By: Admin | 15 Agustus 2022
By: Admin | 15 Agustus 2022
2 tahun yang lalu
2 tahun yang lalu
2 tahun yang lalu
Krisis, dari bahasa Yunani adalah setiap peristiwa yang sedang terjadi (atau diperkirakan) mengarah pada situasi tidak stabil dan berbahaya yang memengaruhi individu, kelompok, komunitas, atau seluruh masyarakat. Krisis dianggap membawa perubahan negatif dalam urusan keamanan, ekonomi, politik, sosial, atau lingkungan, terutama ketika krisis terjadi tiba-tiba, dengan sedikit atau tanpa peringatan. Lebih jauh, krisis adalah istilah yang berarti “waktu pengujian” atau “peristiwa darurat”.

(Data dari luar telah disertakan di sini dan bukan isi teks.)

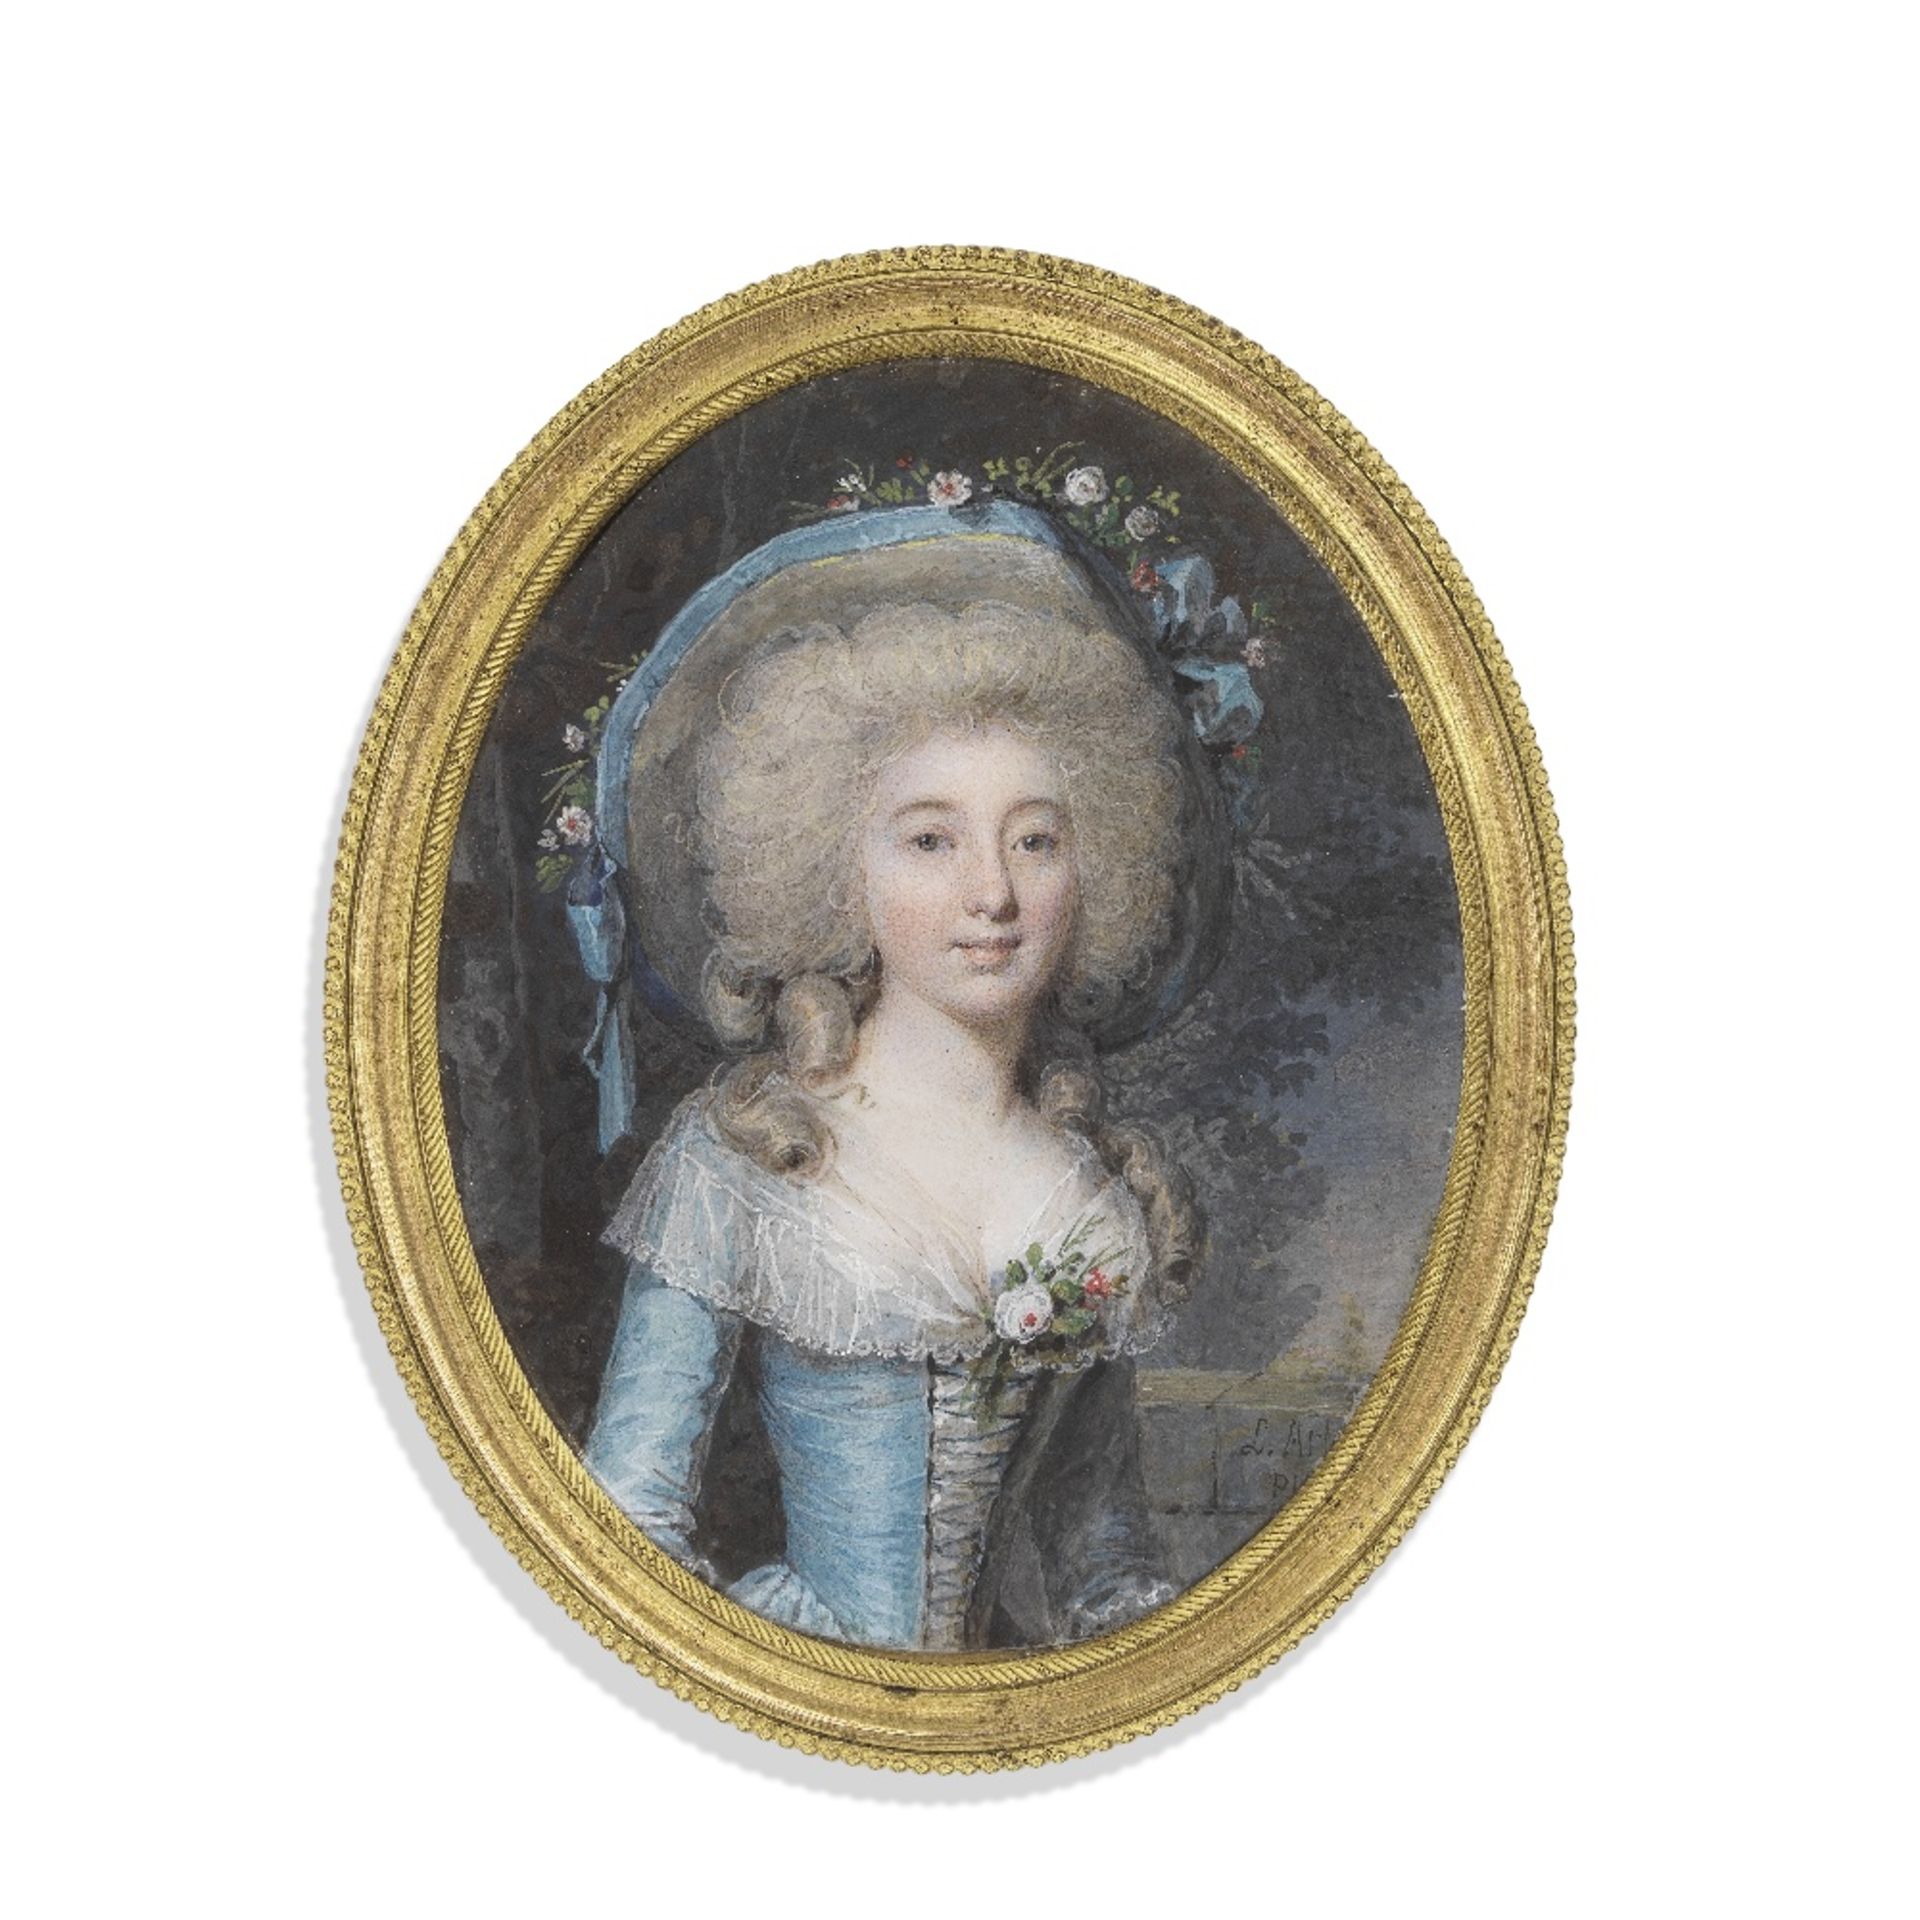 LOUIS AMI ARLAUD-JURINE (SWISS, 1751-1829): PORTRAIT MINIATURE OF A LADY IN WAITING TO QUEEN MAR...

Menurut Kamus Besar Bahasa Indonesia (KBBI), krisis adalah 1) keadaan yang berbahaya (dalam menderita sakit); parah sekali; 2) keadaan yang genting; kemelut; 3) keadaan suram (tentang ekonomi, moral, dan sebagainya); 4) Saat yang menentukan di dalam cerita atau drama ketika situasi menjadi berbahaya dan keputusan harus diambil; 5) Konfrontasi yang intensif dan dahsyat yang terjadi dalam waktu singkat dan merupakan ganti peperangan dalam era nuklir;
Sedangkan menurut bahasa mandarin untuk Krisis adalah 危机 (wēi jī) berasal dari kata 危险 (wēi xiǎn, danger) dan 机会 (jī huì, opportunity). Untuk itu setiap 危机, wēi jī (krisis), selalu memiliki 2 dimensi : pertama 有危 (yǒu wēi, ada bahaya), kedua 有机 (yǒu jī, ada kesempatan atau peluang). Jadi di setiap krisis walaupun memang memiliki bahaya, namun juga mengandung kesempatan/peluang yang menuju kepada harapan/kesuksesan.

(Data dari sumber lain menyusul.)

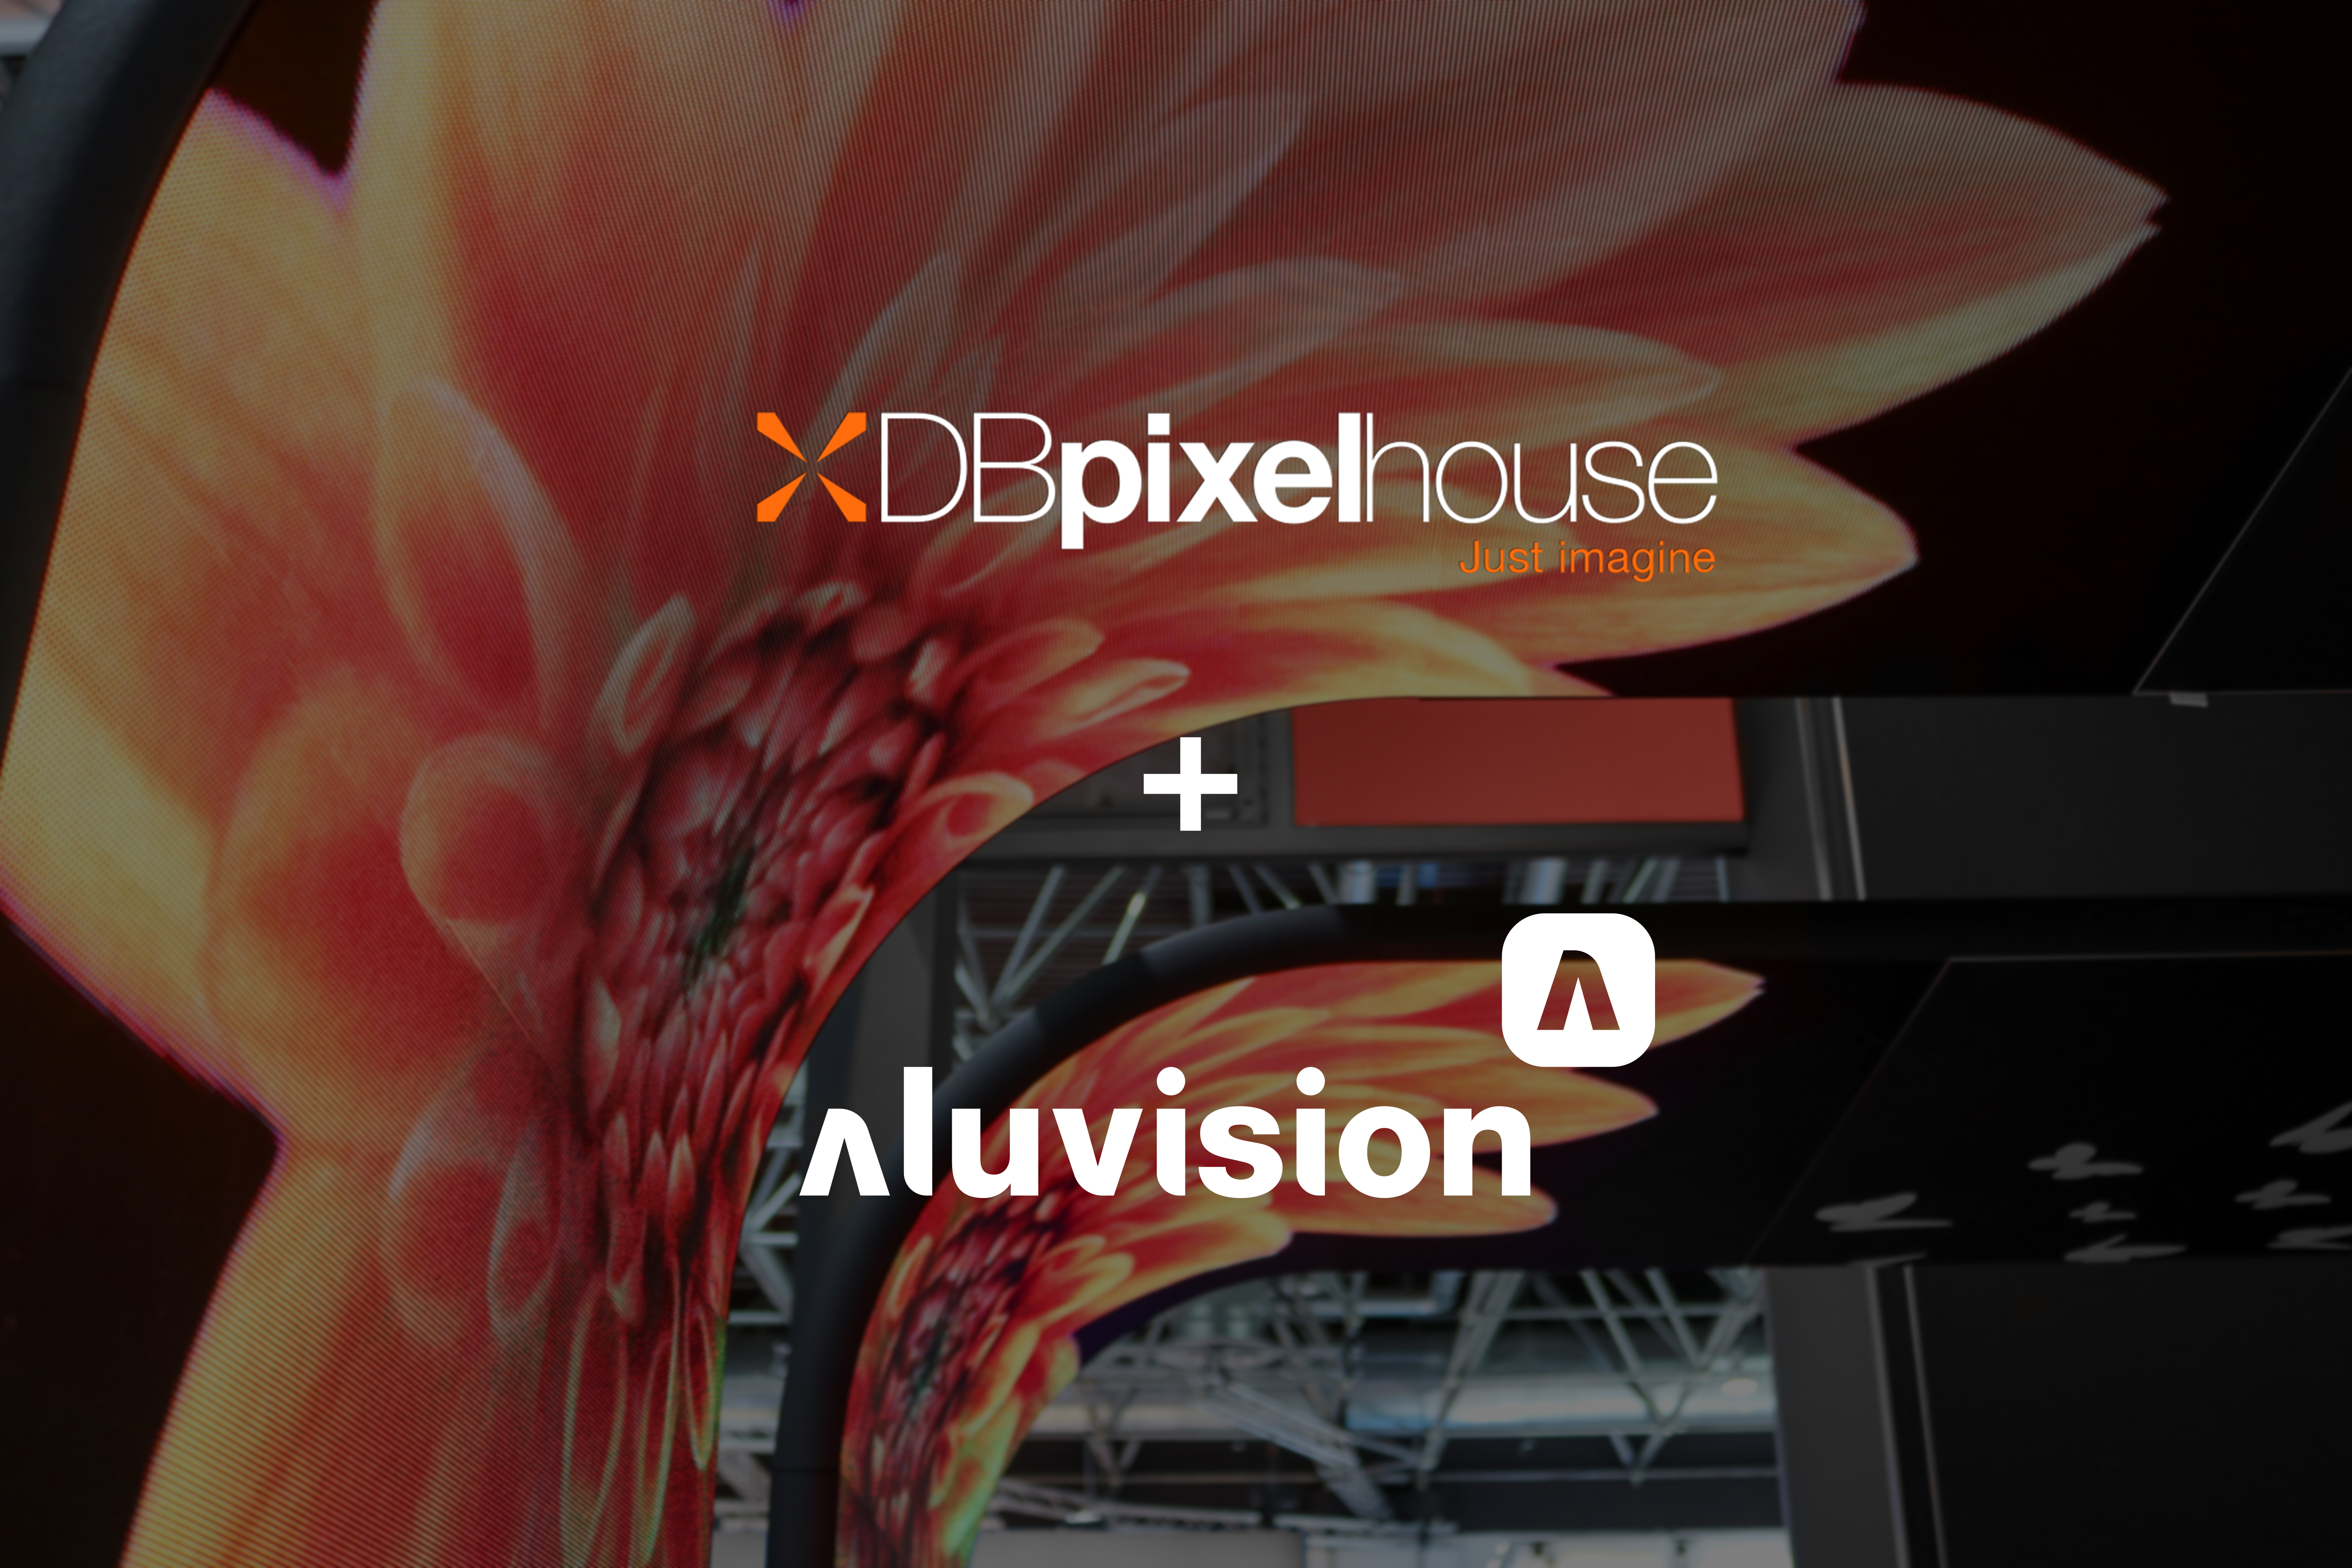 Aluvision x DBpixel house

Krisis Menimbulkan Ketidakpastian
Apakah Anda sudah menonton film Uncertainty yang beberapa tahun lalu diputar di bioskop? Film ini dimulai ketika pasangan muda, Bobby (diperankan oleh Joseph Gordon Levitt) dan Kate (diperankan oleh Lynn Collins), yang telah bersama-sama selama 10 bulan, menemukan ketidakpastian dalam hidup mereka. Kate yang sedang hamil 11 minggu tidak tahu akan ke mana pada tanggal 4 Juli. Di tengah kebingungan, alih-alih berpikir rasional untuk mengambil keputusan, mereka memutuskan untuk melempar koin. Setelah Bobby melempar koin, mereka masing-masing berlari ke arah yang berlawanan di jembatan Brooklyn. Setelah itu, penonton diajak mengikuti dua jalan cerita berbeda.
Cerita pertama terjadi di Brooklyn, dimana Bobby dan Kate memutuskan untuk mengunjungi keluarga Kate. Mereka menemukan seekor anjing, yang mereka tidak tahu siapa pemiliknya. Paman Kate menderita hilang ingatan, saudara laki-lakinya meninggal dunia 5 tahun silam, dan saudara perempuannya akan sekolah ke universitas, kecemasan sang Ibu yang berlebihan.
Sedangkan, cerita kedua terjadi di Manhattan, dimulai dari daerah Chinatown, di mana Bobby dan Kate menemukan handphone, yang berharga US$500.000. Mereka berusaha menukarkan handphone tersebut dengan uang US$500.000, namun tidak berhasil. Bobby, akhirnya, membuang handphone tersebut.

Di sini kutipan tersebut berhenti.